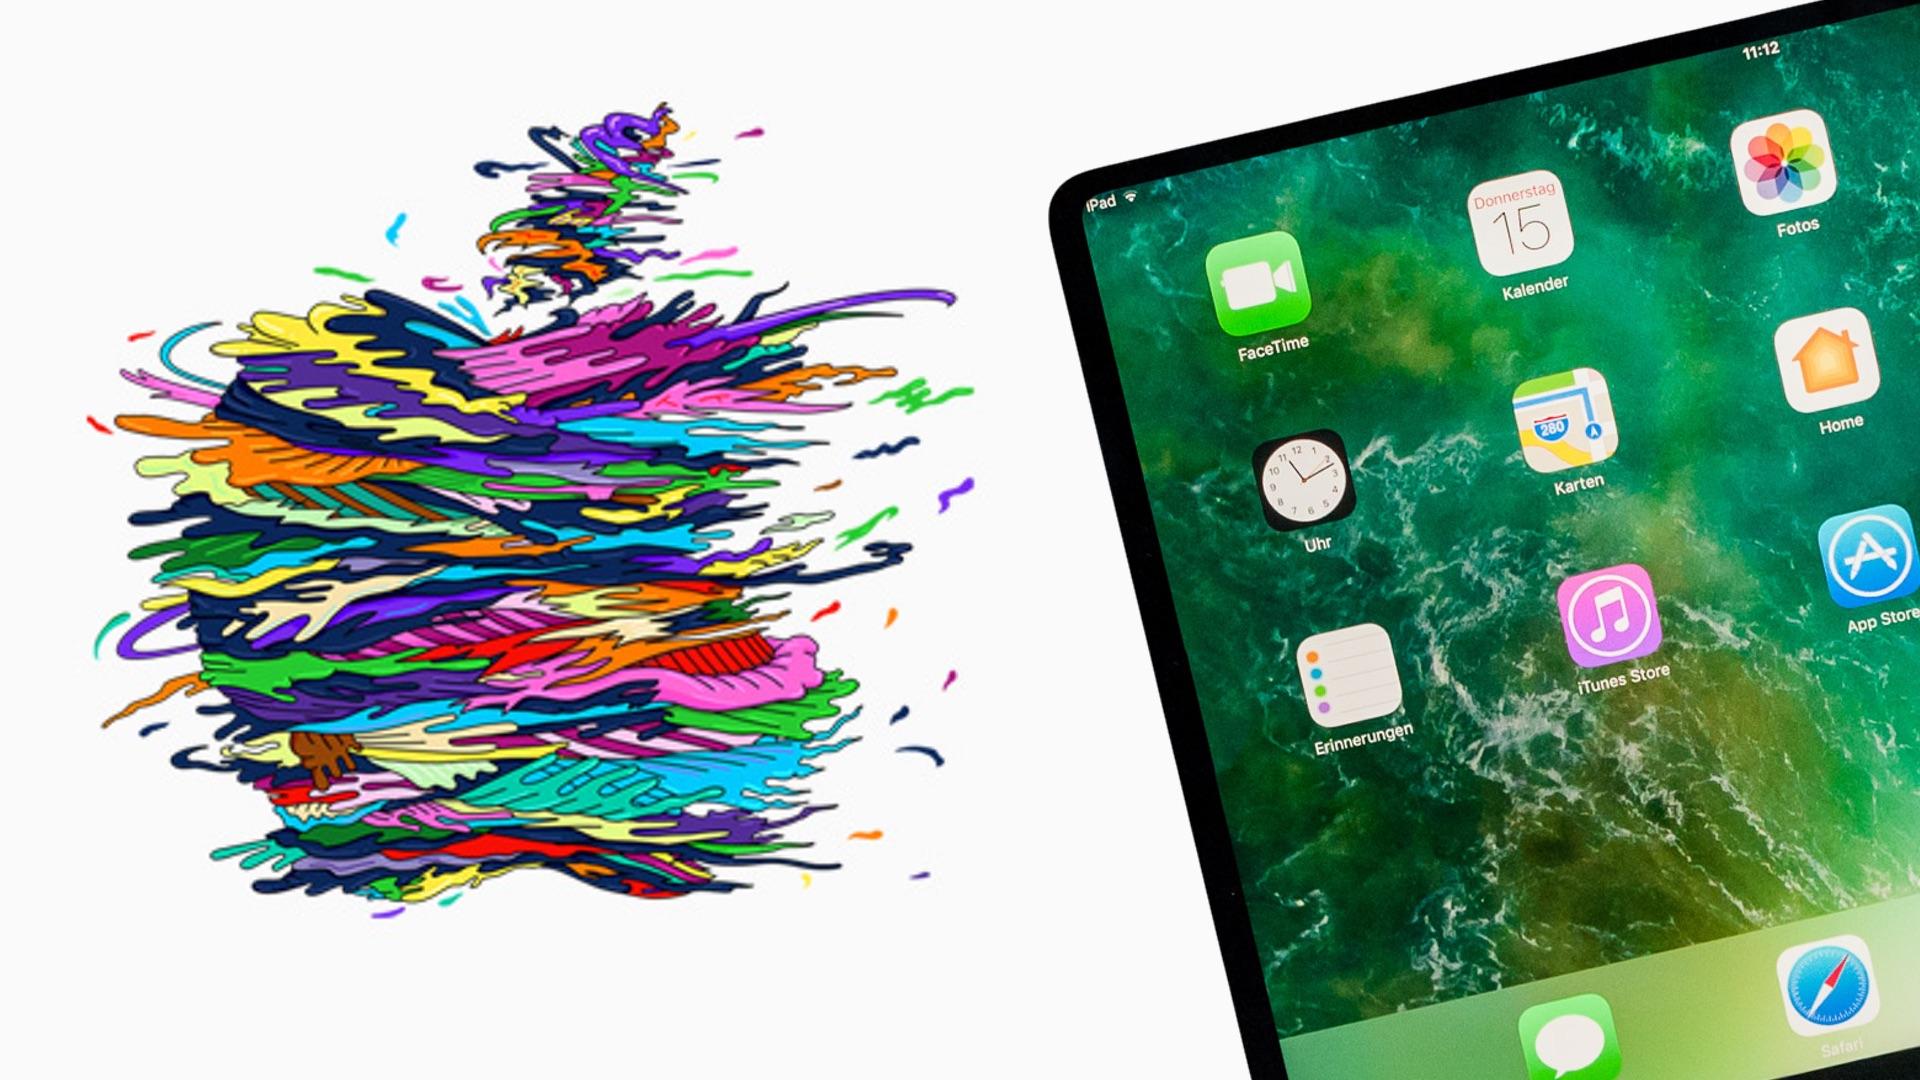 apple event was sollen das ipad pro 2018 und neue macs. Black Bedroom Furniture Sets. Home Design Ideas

---

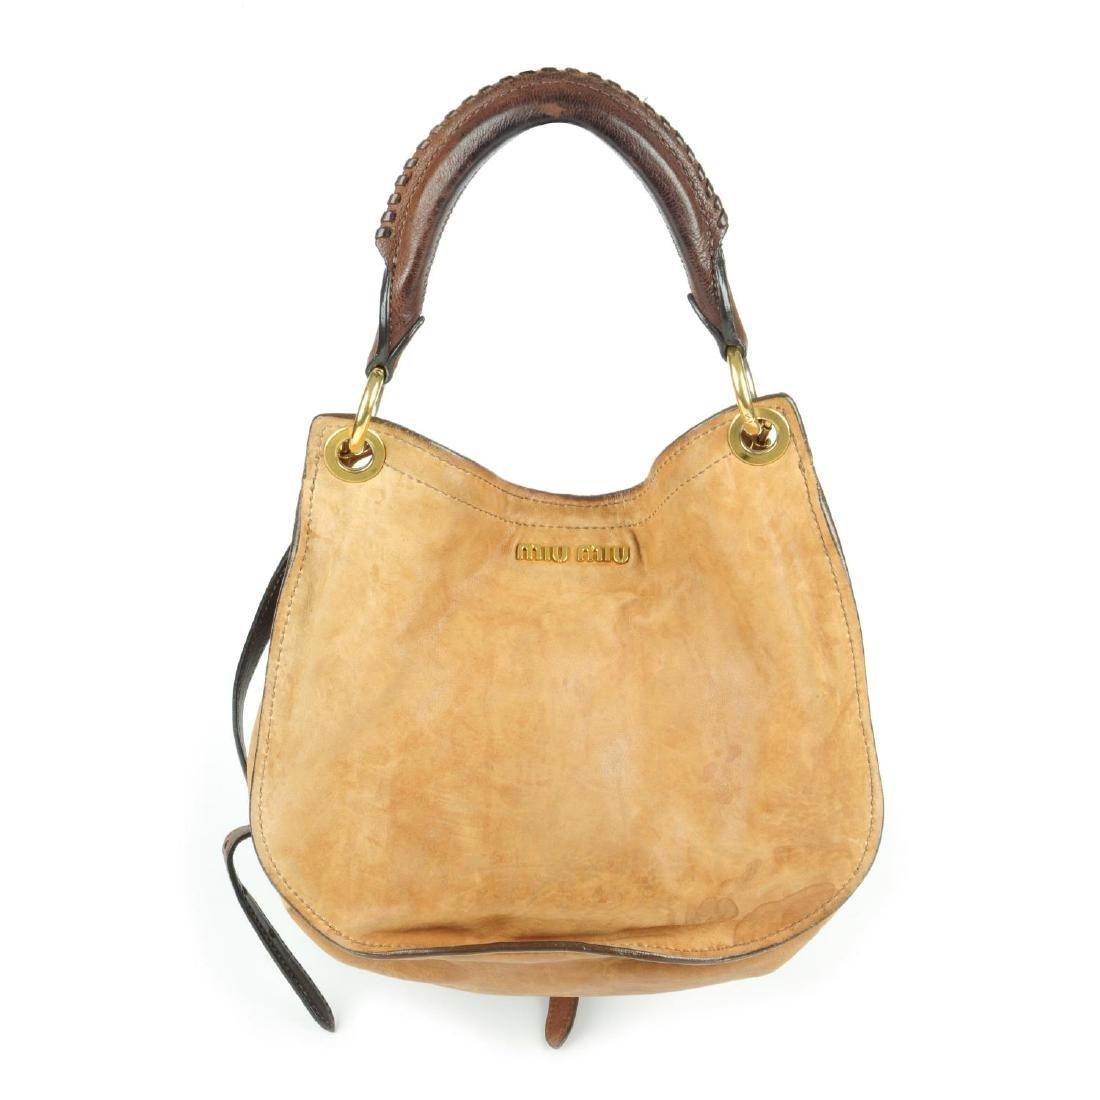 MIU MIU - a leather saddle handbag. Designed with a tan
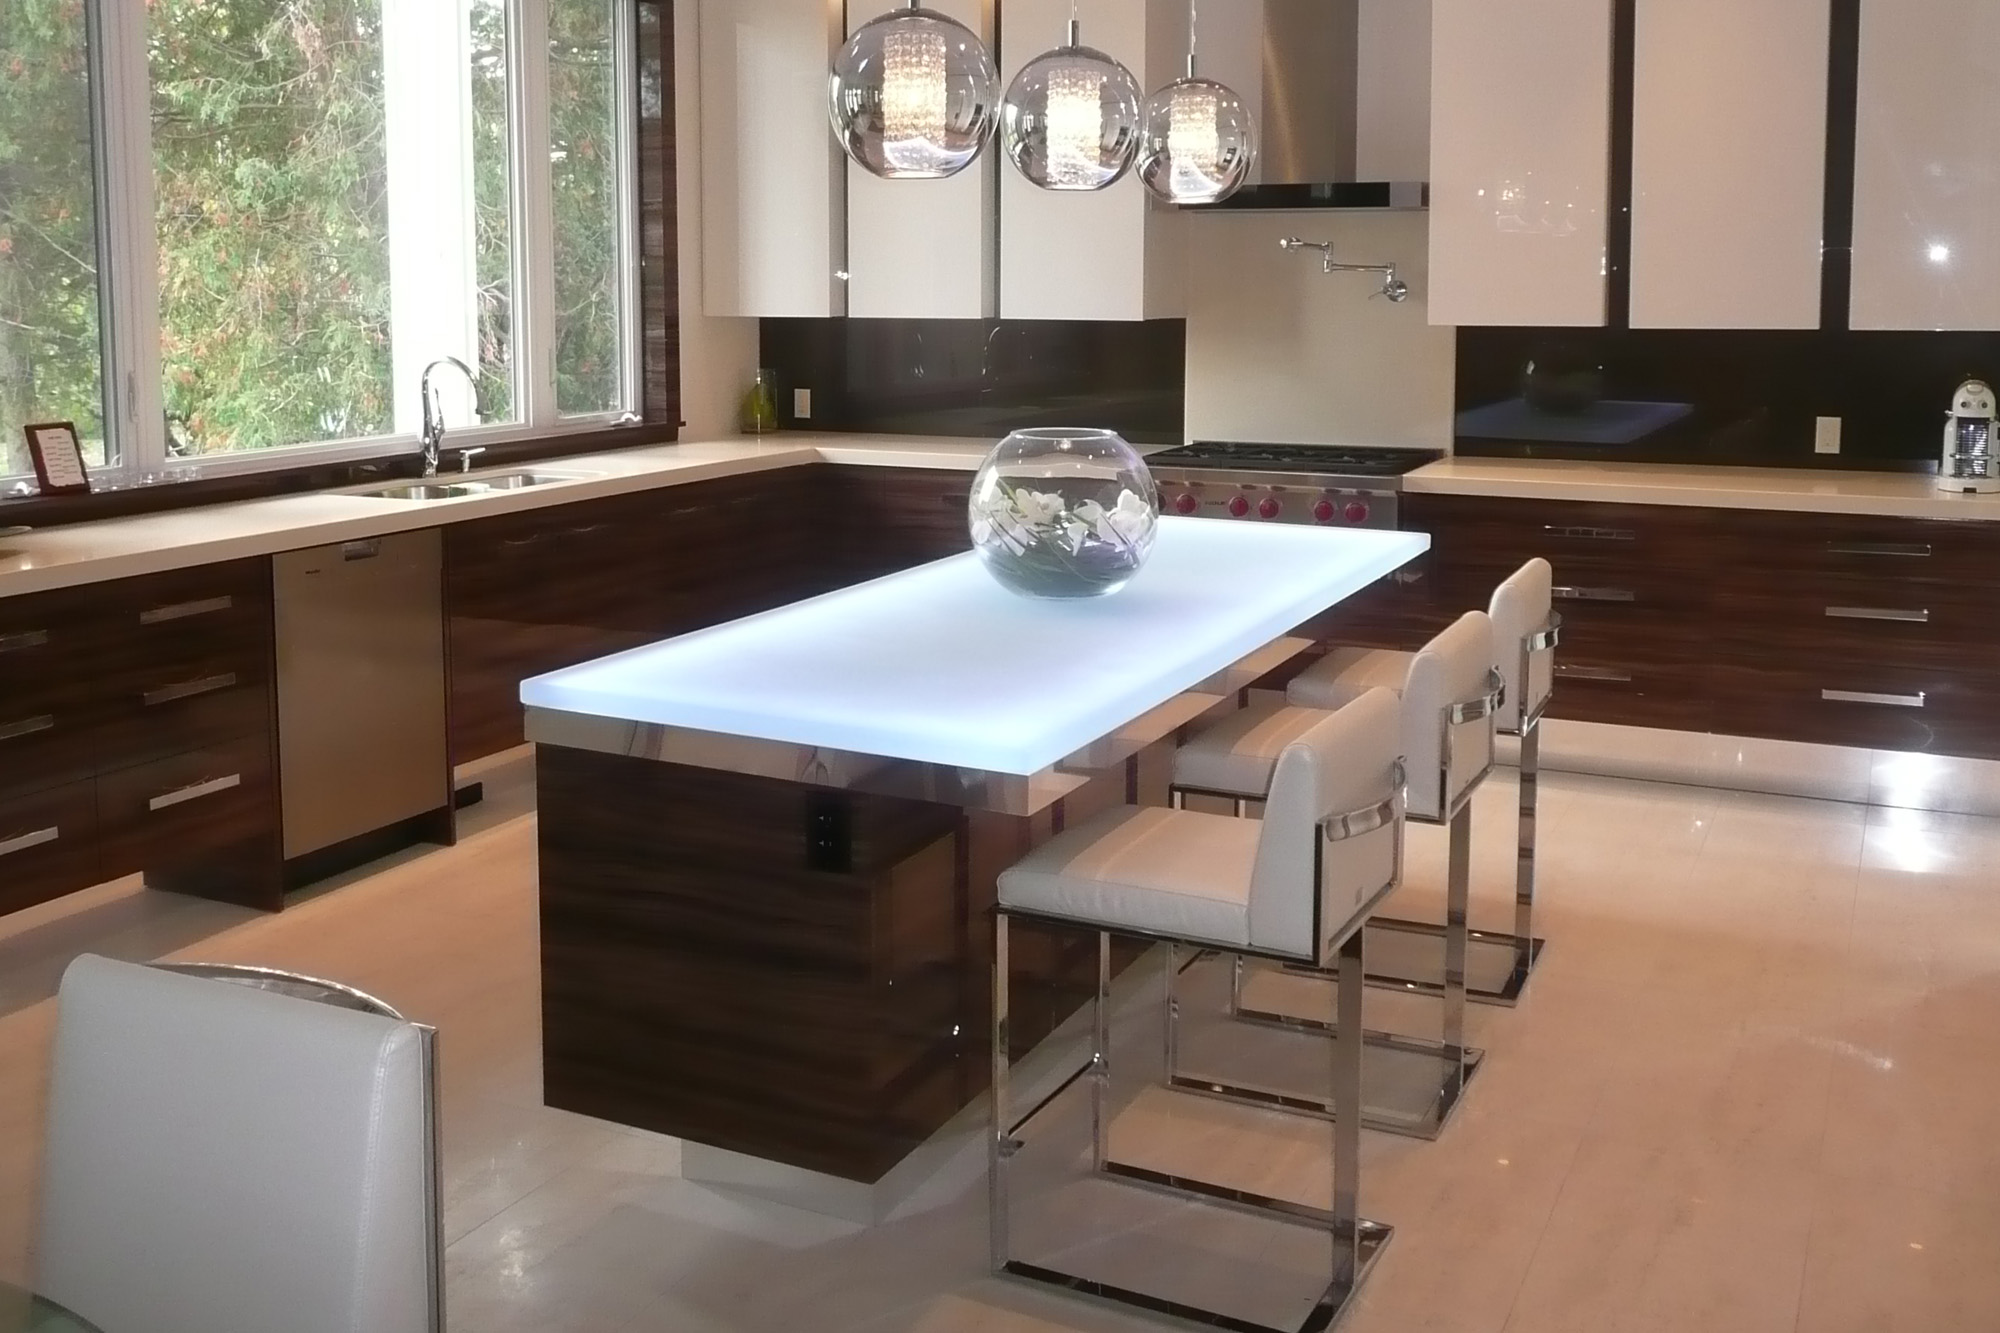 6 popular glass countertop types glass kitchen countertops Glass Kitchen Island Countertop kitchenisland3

> _PROBLEM_:
Take the material above from the line bearing "MIU MIU - a" through the line bearing "6 popular glass" and write it out exactly, both end lines included. Pictures stay out.

> _RESPONSE_:
 MIU MIU - a leather saddle handbag. Designed with a tan
 6 popular glass countertop types glass kitchen countertops Glass Kitchen Island Countertop kitchenisland3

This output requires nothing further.